Data mining has significant overlap with statistics and machine learning,
but is different in its procedure. Statistics and machine learning
methods provide powerful microscopes for examining specific phenomena.
Data mining is the systematic use of these microscopes to find `nuggets' of
value in a mountain of data.
Course Objectives
The aim of the course is to provide you with a comprehensive introduction
to contemporary data mining practice and principles.
You will learn to:
-
Determine which method to apply in a given situation,
-
Program statistical software to carry out the method, and
-
Communicate the results in terms relevant to
science, business, etc.
Schedule
-
Searching for similar objects
-
Searching the web, document collections, and image databases
-
Clustering and segmentation
- Organizing multimedia (documents and images),
market segmentation (houses and cars)
-
Visualizing and exploring data
- Multivariate geometry, projection, parallel plots
-
Predictive modeling
- Modeling prices, predicting sales
-
Characterizing subgroups
- Profitable customers, good investments, junk e-mail
-
Modeling time trends
- The environment, economic trends, individual customer purchases
Format
-
The course is taught in a lecture format on Monday and Wednesday and
hands-on practice in a Friday computer lab.
-
Lectures will contain the material needed to complete the homeworks and lab
assignments. There is no text for the course.
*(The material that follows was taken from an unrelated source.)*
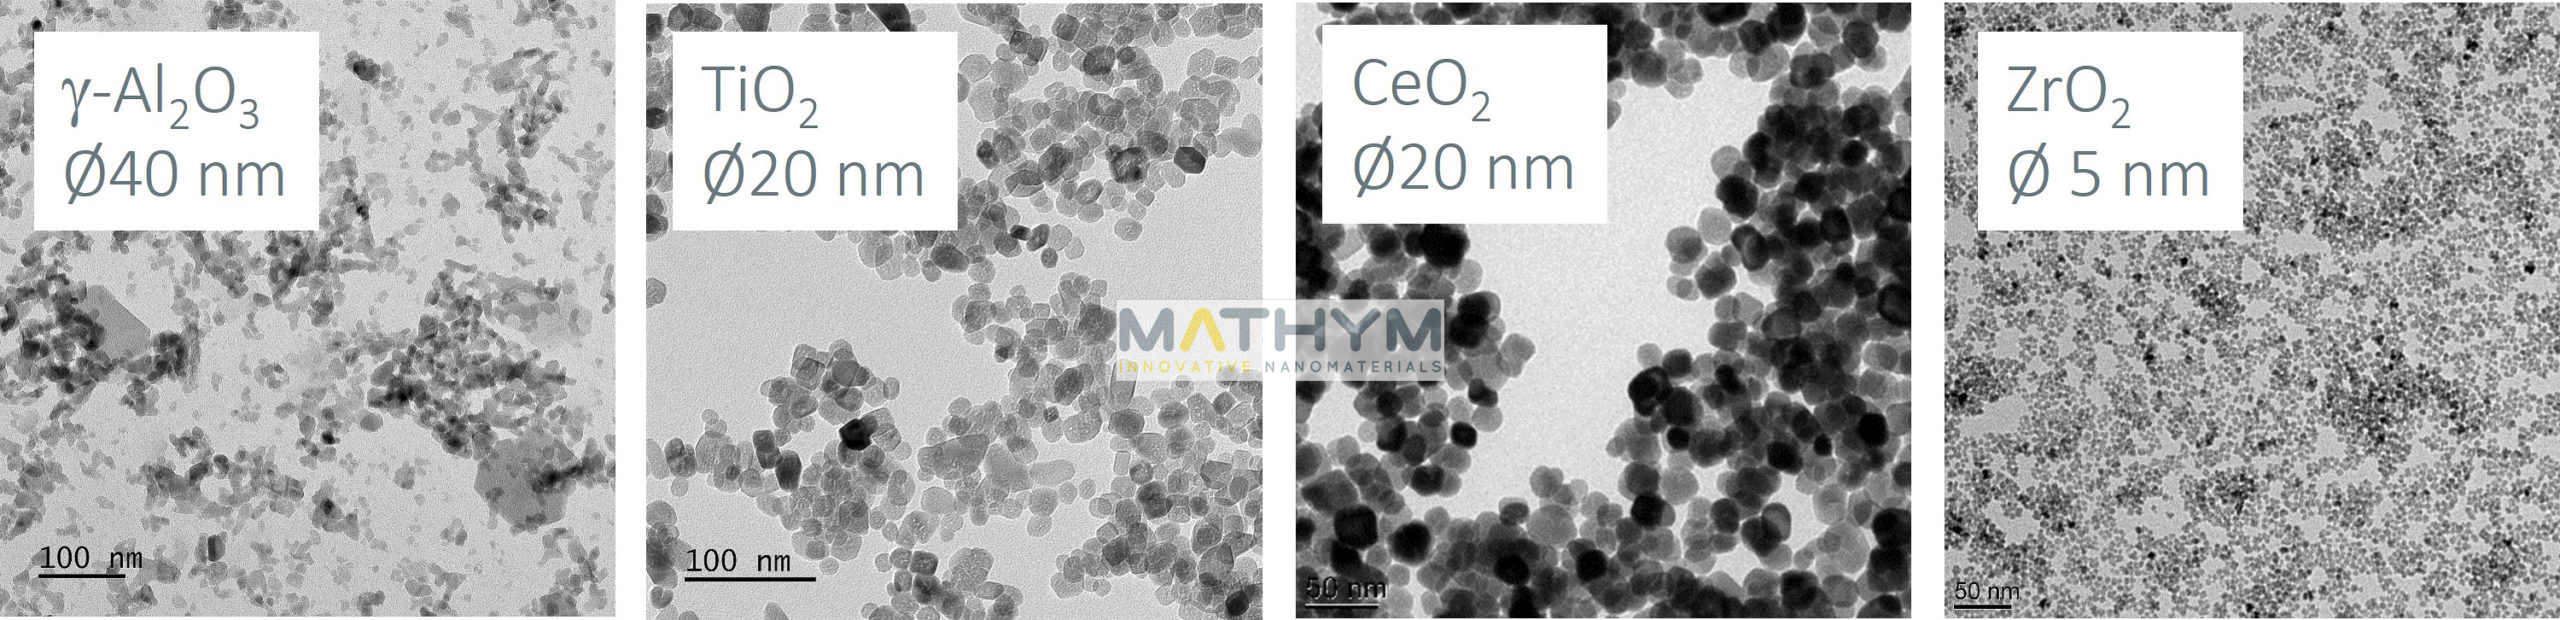 Mathym Nanoparticles dispersed Al2O3, TiO2, CeO2, ZrO2

Consequently, attendance and participation in class is
critical for learning.
-
There will be a weekly office hour
where you can meet one-on-one with the teaching assistant or instructor.
Its schedule will be determined at the beginning of the semester.
-
In the computer labs, you will learn how to use different data mining
methods on a dataset. Computer labs are mandatory. Each Friday, a lab
assignment will be handed out that must be
completed during the lab period.
There is nothing to hand in for the assignment; instead,
you must get the attention of the lab assistants
who will check your results and give you credit for the lab.
If you can't finish in time,
you will get partial credit for what you have completed.
Computer labs will use a free software package called R, which is similar to S-plus.
Unlike Data Desk or Minitab, R is a full-fledged programming language, and
can perform an unlimited set of operations.
-
Homework will be assigned weekly. The purpose of these assignments is to
improve your understanding of the methods and their results.
They are also scheduled to encourage you to keep up with the class.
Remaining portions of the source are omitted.